§ Task prompt
Write out, word for word, every line in the data below from the one containing "Neue Justiz (NJ), Zeitschrift" to the one containing "Bild-Nr.: 30008705 W.Bouguereau, Portrait", both of them included.

§ Study material
☆ ☆ ☆
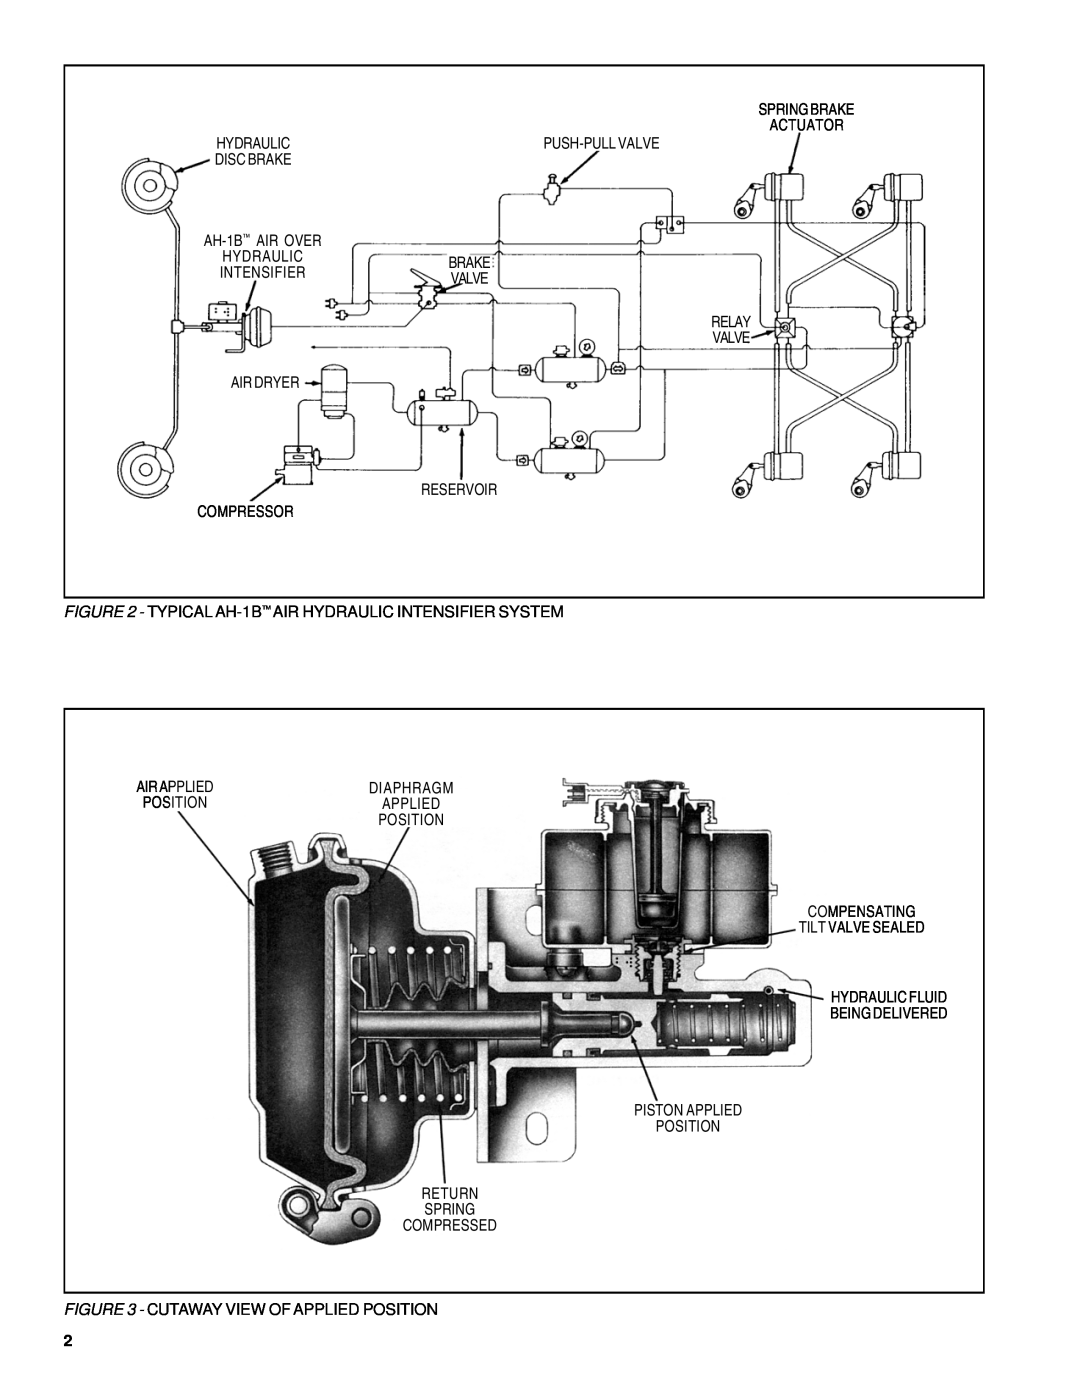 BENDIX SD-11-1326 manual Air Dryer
☆ ☆ ☆
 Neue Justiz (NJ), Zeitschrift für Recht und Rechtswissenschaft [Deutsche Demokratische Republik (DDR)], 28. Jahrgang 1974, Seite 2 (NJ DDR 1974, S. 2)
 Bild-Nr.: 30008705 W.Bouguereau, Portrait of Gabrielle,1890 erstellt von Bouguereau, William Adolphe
☆ ☆ ☆
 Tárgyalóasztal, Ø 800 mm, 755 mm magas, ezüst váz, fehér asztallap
☆ ☆ ☆
§ Your solution
 Neue Justiz (NJ), Zeitschrift für Recht und Rechtswissenschaft [Deutsche Demokratische Republik (DDR)], 28. Jahrgang 1974, Seite 2 (NJ DDR 1974, S. 2)
 Bild-Nr.: 30008705 W.Bouguereau, Portrait of Gabrielle,1890 erstellt von Bouguereau, William Adolphe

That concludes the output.